简单分析 App 进程 Crash 机制

code小生 一个专注大前端领域的技术平台 公众号回复 Android 加入安卓技术群

作者:杰杰_88

链接:https://www.jianshu.com/p/ecd52cd90a4b

声明:本文已获 杰杰_88 授权发表,转发等请联系原作者授权

结论:App进程Crash,不是真正意义上的进程崩溃(对比native代码崩溃),是java代码运行抛出没人处理的异常后,App自己把自己Kill掉了。

工作中遇到后台Service挂掉后(弹出停止运行),很久没有重启,分析log发现进程抛出FATAL EXCEPTION后并没有被杀,很久后才被杀掉重启,迷惑,遂看看具体的App挂掉流程是什么样的。

表象

当一个Android App进程因为各种原因抛出异常而没有被catch处理的时候,在用户看来,就会看到一个“某某已停止运行”的对话框,之前我一般认为该app进程已经挂掉。

实际上

以前在看到“某某已停止运行”时,一直认为对应进程也同时结束,没有仔细分析过整个App停止运行的机制,其实,停止运行对话框弹出的时候,进程还没有完全退出,真正的退出是进程将自己kill掉的时候。下面就记录下从App抛出没有catch的异常到该进程真正灰飞烟灭的整个过程。

App进程的创建

要分析一个app进程是怎么没的,先看看app进程是怎么来的。

关键代码

App进程创建流程:

App进程启动流程.png

frameworks/base/services/core/java/com/android/server/am/ActivityManagerService.java

startResult = Process.start(entryPoint,

                        app.processName, uid, uid, gids, debugFlags, mountExternal,

                        app.info.targetSdkVersion, seInfo, requiredAbi, instructionSet,

                        app.info.dataDir, invokeWith, entryPointArgs);

frameworks/base/core/java/android/os/ZygoteProcess.java

//ZygoteState维护了与Zygote进程通过Socket的连接

    private ZygoteState openZygoteSocketIfNeeded(String abi) throws ZygoteStartFailedEx {

        Preconditions.checkState(Thread.holdsLock(mLock), "ZygoteProcess lock not held");

        if (primaryZygoteState == null || primaryZygoteState.isClosed()) {

            try {

                primaryZygoteState = ZygoteState.connect(mSocket);

            } catch (IOException ioe) {

                throw new ZygoteStartFailedEx("Error connecting to primary zygote", ioe);

            }

        }

        if (primaryZygoteState.matches(abi)) {

            return primaryZygoteState;

        }

        // The primary zygote didn't match. Try the secondary.

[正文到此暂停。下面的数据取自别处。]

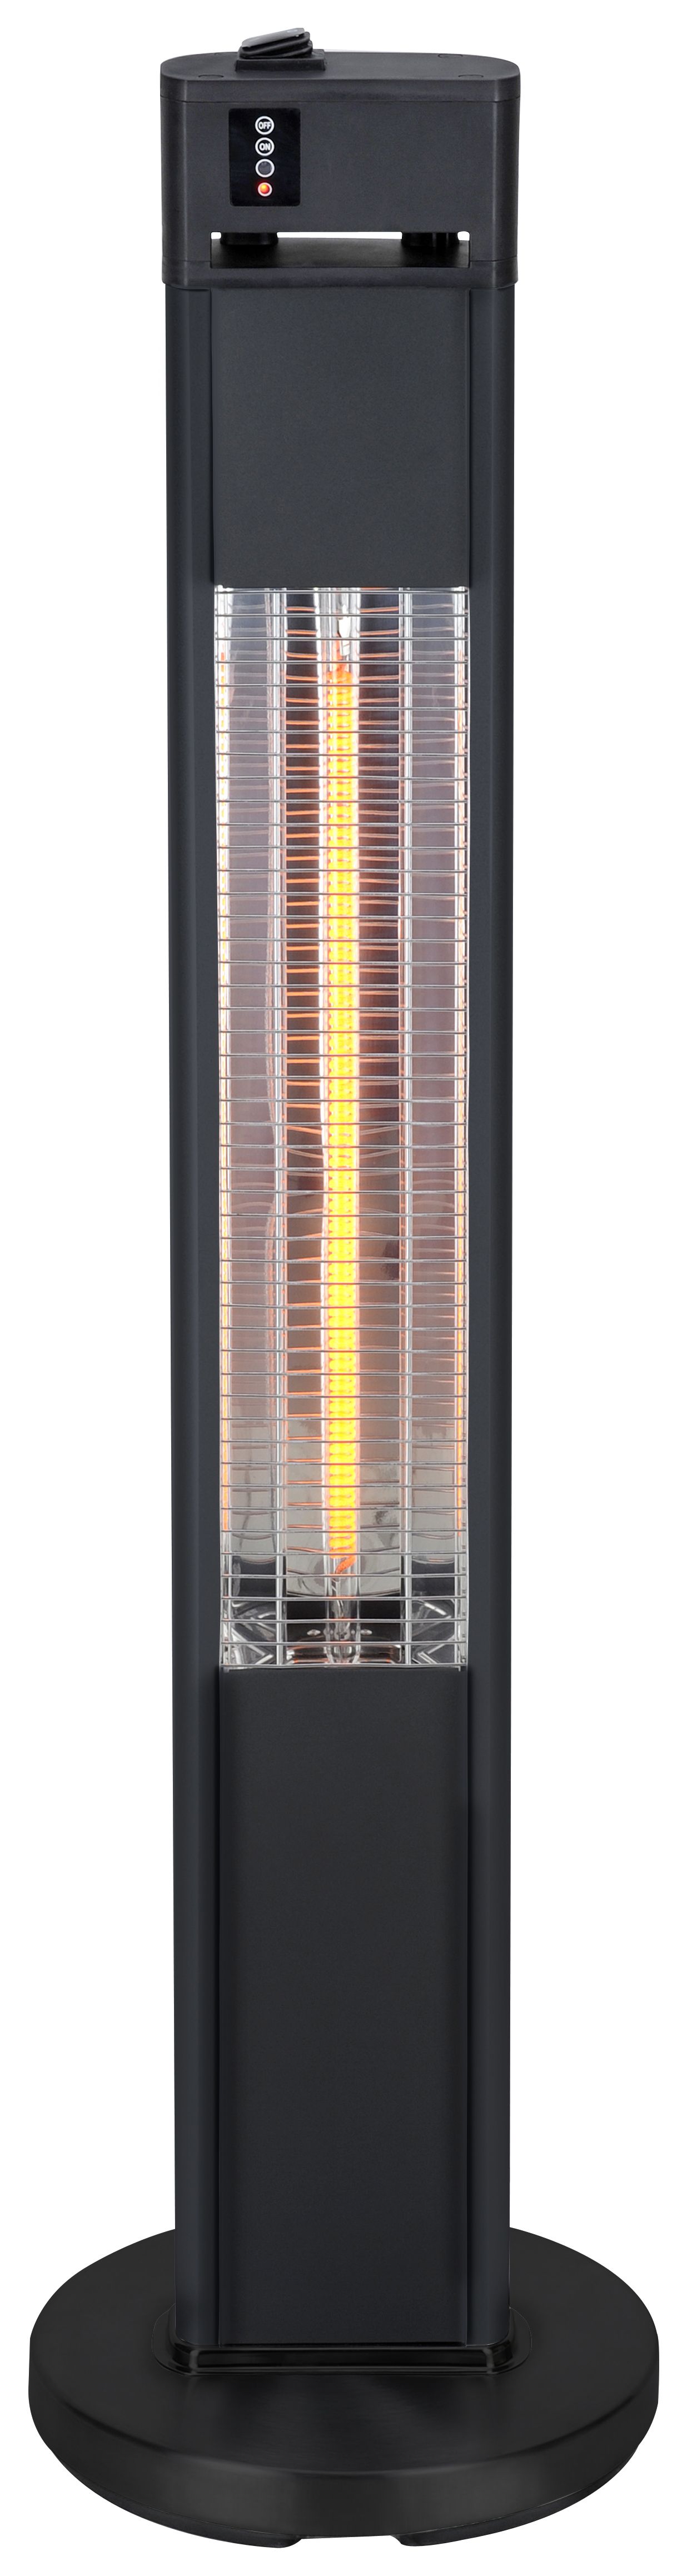 Image of Blaze Floor Standing Electric Outdoor Heater - 1600W

        if (secondaryZygoteState == null || secondaryZygoteState.isClosed()) {

            try {

                secondaryZygoteState = ZygoteState.connect(mSecondarySocket);

            } catch (IOException ioe) {

                throw new ZygoteStartFailedEx("Error connecting to secondary zygote", ioe);

            }

        }

        if (secondaryZygoteState.matches(abi)) {

            return secondaryZygoteState;

        }

        throw new ZygoteStartFailedEx("Unsupported zygote ABI: " + abi);

    }


    private static Process.ProcessStartResult zygoteSendArgsAndGetResult(

            ZygoteState zygoteState, ArrayList<String> args)

            throws ZygoteStartFailedEx {

        try {

            // Throw early if any of the arguments are malformed. This means we can

            // avoid writing a partial response to the zygote.

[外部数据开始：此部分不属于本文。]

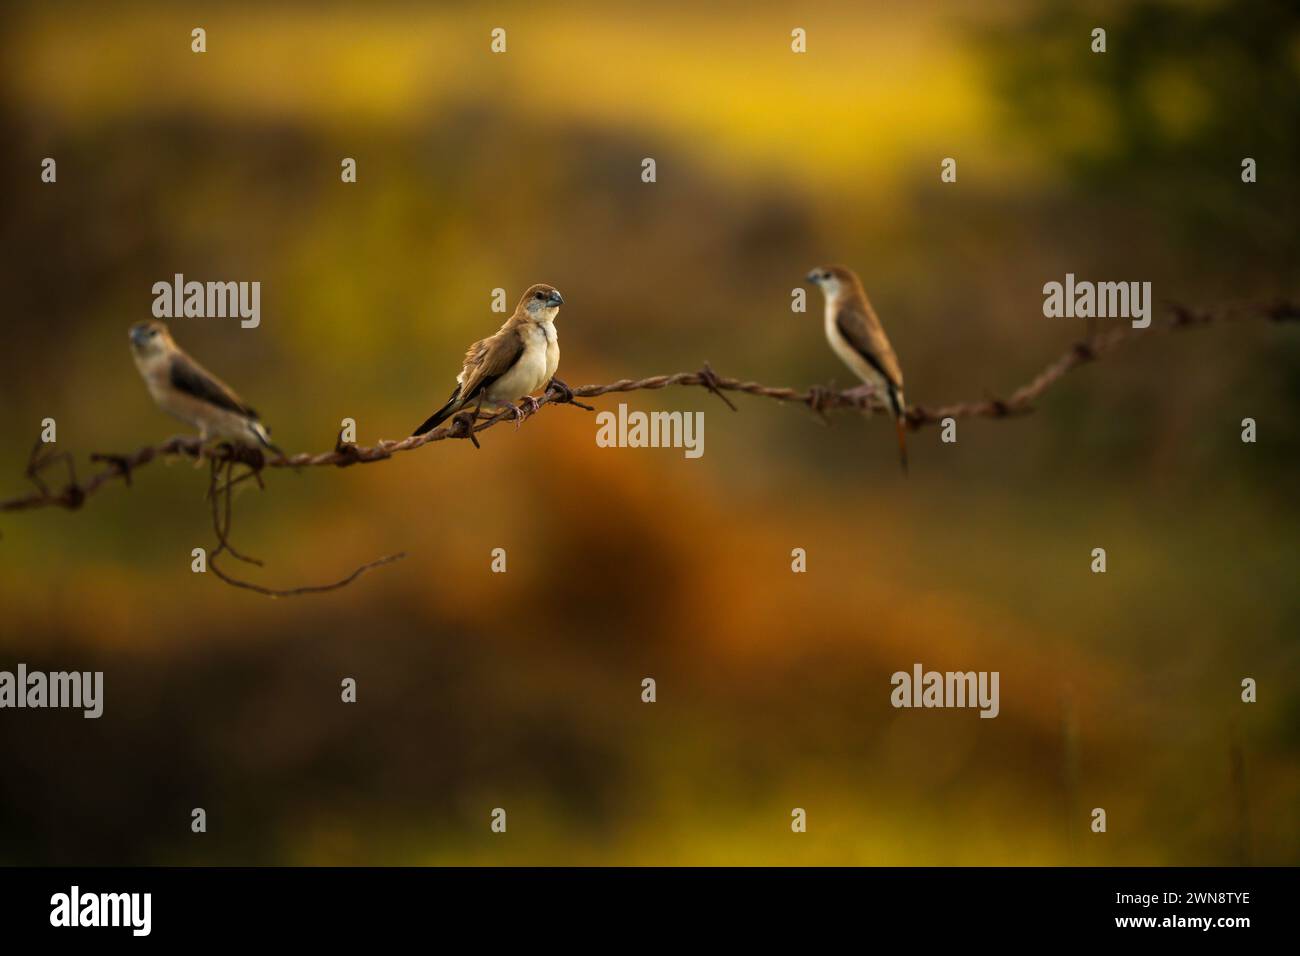 Die indischen Silberschnabelvögel auf Draht mit verschwommenem Hintergrund Stockfoto

            int sz = args.size();

            for (int i = 0; i < sz; i++) {

                if (args.get(i).indexOf('\n') >= 0) {

                    throw new ZygoteStartFailedEx("embedded newlines not allowed");

                }

            }

            /**

            * See com.android.internal.os.SystemZygoteInit.readArgumentList()

            * Presently the wire format to the zygote process is:

            * a) a count of arguments (argc, in essence)

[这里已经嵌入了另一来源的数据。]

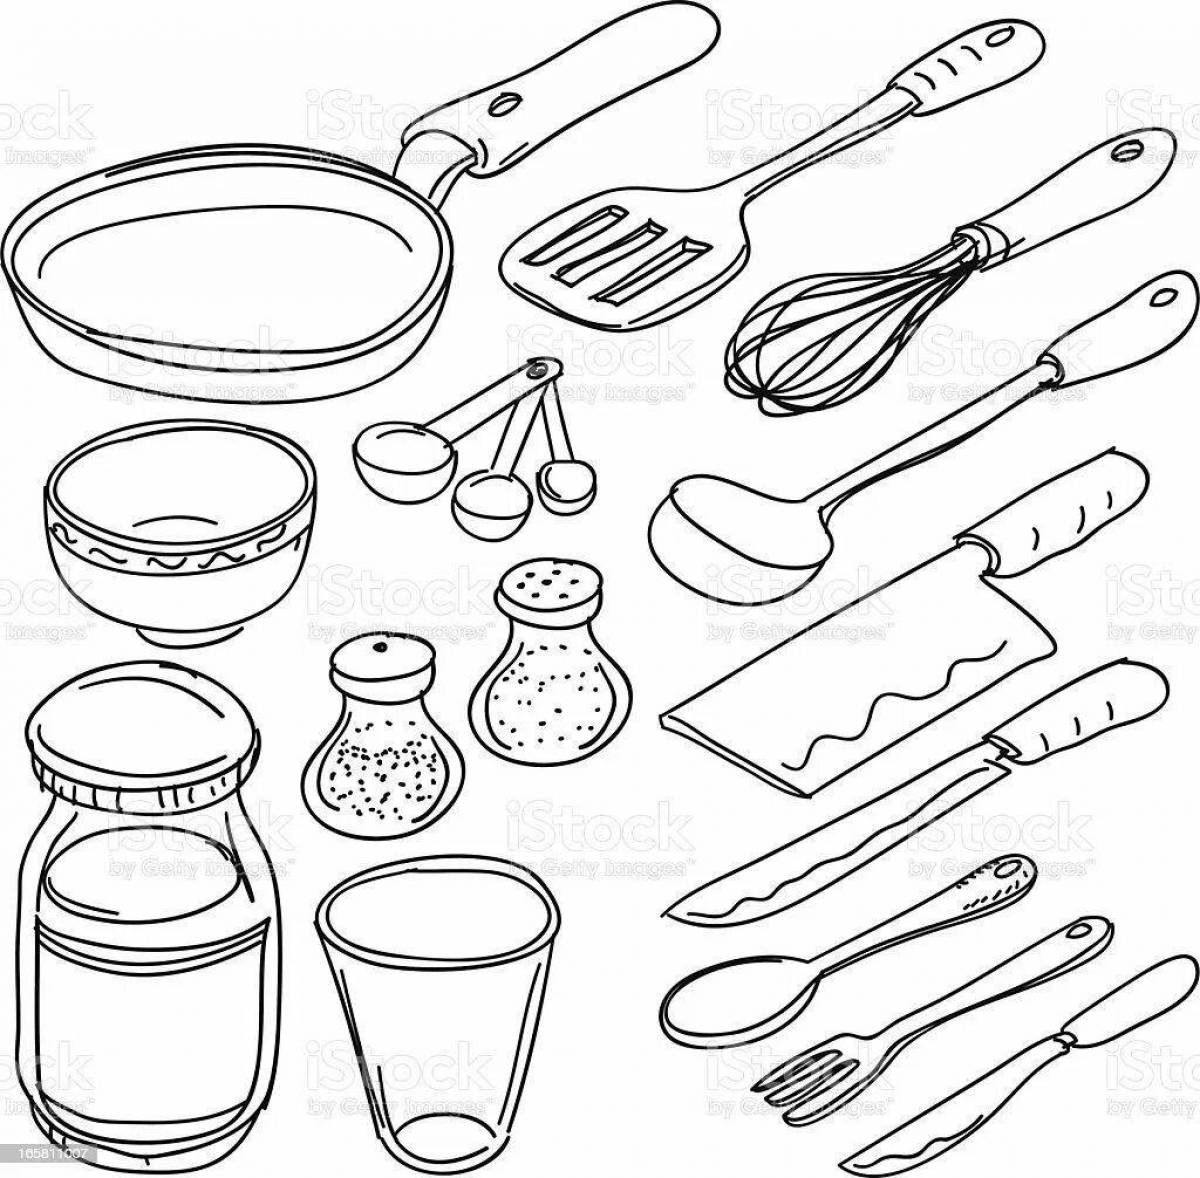 Выдающаяся страница раскраски кухонной утвари для детей

            * b) a number of newline-separated argument strings equal to count

            *

            * After the zygote process reads these it will write the pid of

            * the child or -1 on failure, followed by boolean to

            * indicate whether a wrapper process was used.

            */

            final BufferedWriter writer = zygoteState.writer;

            final DataInputStream inputStream = zygoteState.inputStream;

            writer.write(Integer.toString(args.size()));

            writer.newLine();

            for (int i = 0; i < sz; i++) {

                String arg = args.get(i);

                writer.write(arg);

                writer.newLine();

            }

            writer.flush();

            // Should there be a timeout on this?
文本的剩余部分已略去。